Anthropic Launches Claude Sonnet 5: Near-Opus Performance at a Mid-Tier Price
Anthropic launched Claude Sonnet 5, its most agentic Sonnet model, with performance approaching Opus 4.8 at a lower price, available on all plans. A look at its capabilities, pricing, and caveats.
Amid a fierce race over "agentic" models, Anthropic launched its new model Claude Sonnet 5, describing it as "the most agentic Sonnet model yet." The core idea is simple and enticing: performance approaching the expensive Opus models, but at a mid-tier price. The model was announced on June 30, 2026, and became immediately available across all plans — even the free ones — and in Claude Code, the Claude Platform, and its API.

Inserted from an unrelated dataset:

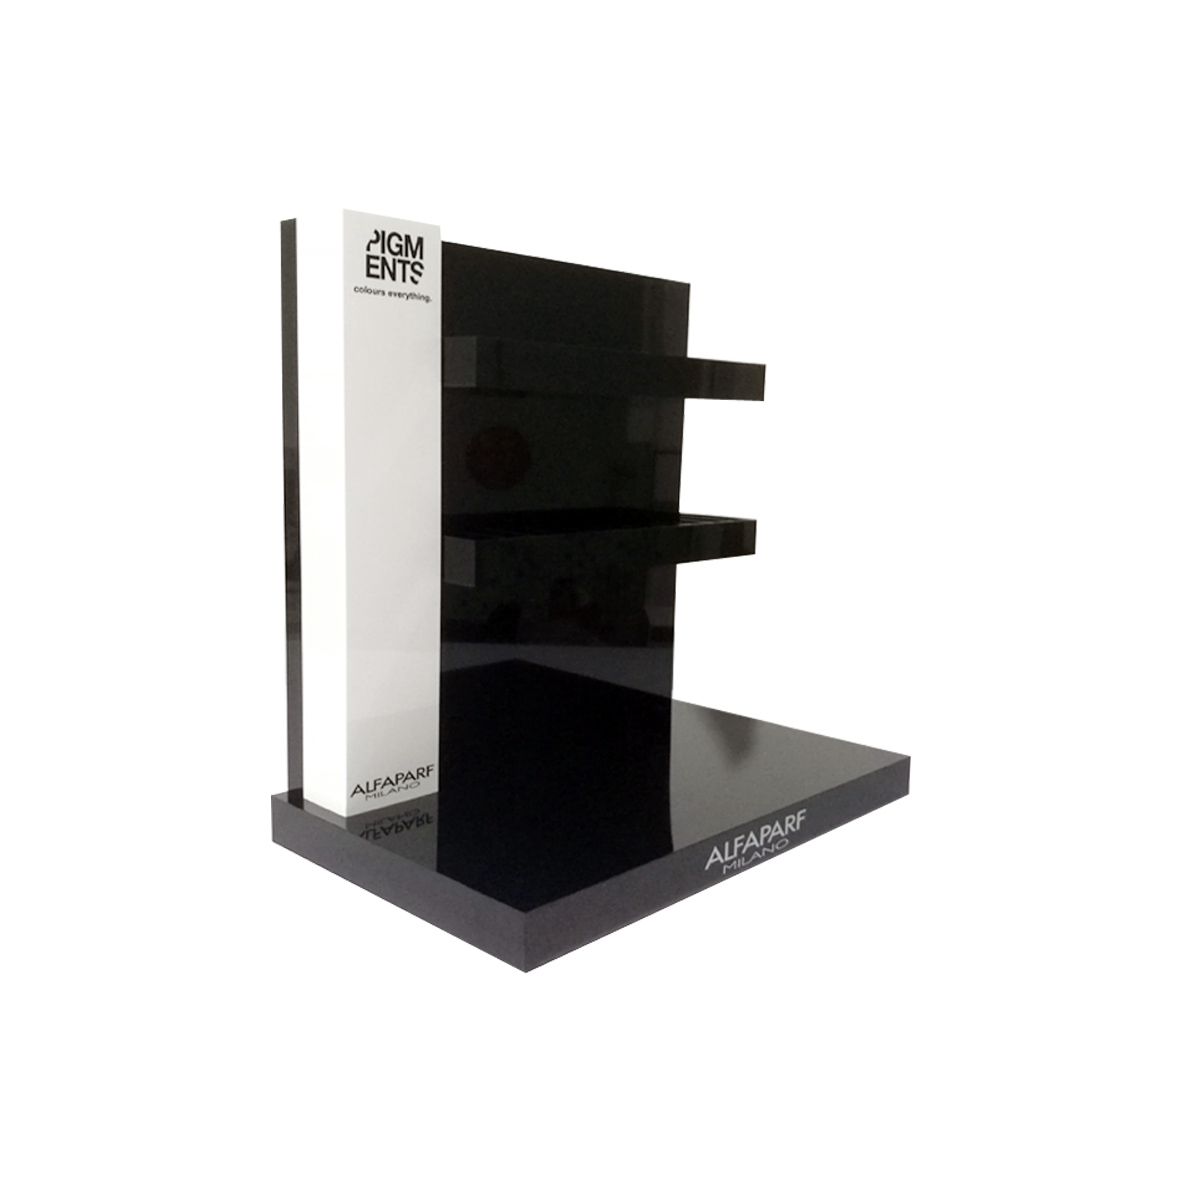 Acrylic nail polish display stand/pabango countertop display rack
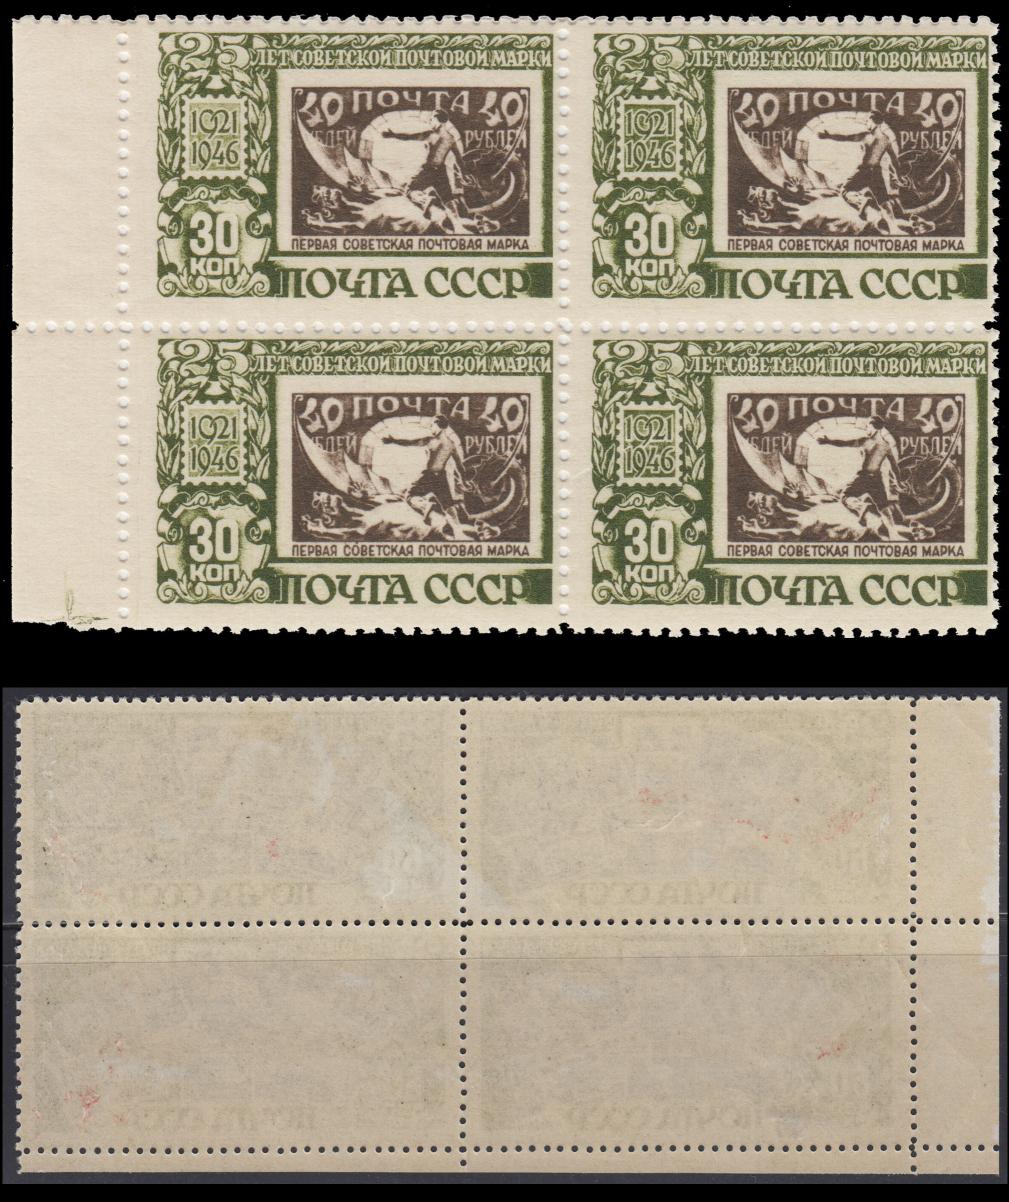 Название марка первого. Советские почтовые марки. Почтовые марки Испании. Кв 1 Почтовая марка.

A Core Promise: Near-Opus Capability at a Lower Price
Anthropic says Sonnet 5 narrows the gap with Opus models while lowering the price. It carries a significant improvement over its predecessor Sonnet 4.6 in reasoning, tool use, coding, and knowledge work, and its performance approaches Opus 4.8 in certain areas. On one agentic-coding benchmark, Sonnet 5 scored about 63.2% versus 69.2% for Opus 4.8 and 58.1% for Sonnet 4.6; it even slightly outperformed Opus 4.8 on a knowledge-work benchmark. But Anthropic itself acknowledges that Opus 4.8 remains the more accurate choice for high-stakes tasks.
It "Finishes Tasks" Instead of Stopping Halfway
What caught early-access partners' attention was not the numbers, but the behavior. According to their testimonials, Sonnet 5 completes complex tasks that previous models would "stop short of," and reviews its output without being asked. A Zapier engineer described a two-part task — updating Salesforce account tiers and sending an announcement — that "used to stall halfway" but now completes end to end. This is precisely the reliability gap that kept many enterprises hesitant to move agents from pilots to production: a model that gets 80% through a task then stops creates more problems than it solves.
Pricing: The Heart of the Announcement
Pricing may be the most important part of the announcement. Sonnet 5 starts at introductory pricing of $2 per million input tokens and $10 for output, through August 31, 2026, then rises to $3 and $15 respectively. This remains cheaper than Opus 4.8 ($5 and $25), and than GPT-5.5 and Gemini 3.1 Pro. But there is a buried detail worth attention: Sonnet 5 uses a new tokenizer that makes the same text map to more tokens (a roughly 30% increase on average). Anthropic says the introductory price is calibrated to make the transition "roughly cost-neutral," but high-volume enterprises will need to benchmark their specific cases carefully before assuming their bills stay flat — especially after September.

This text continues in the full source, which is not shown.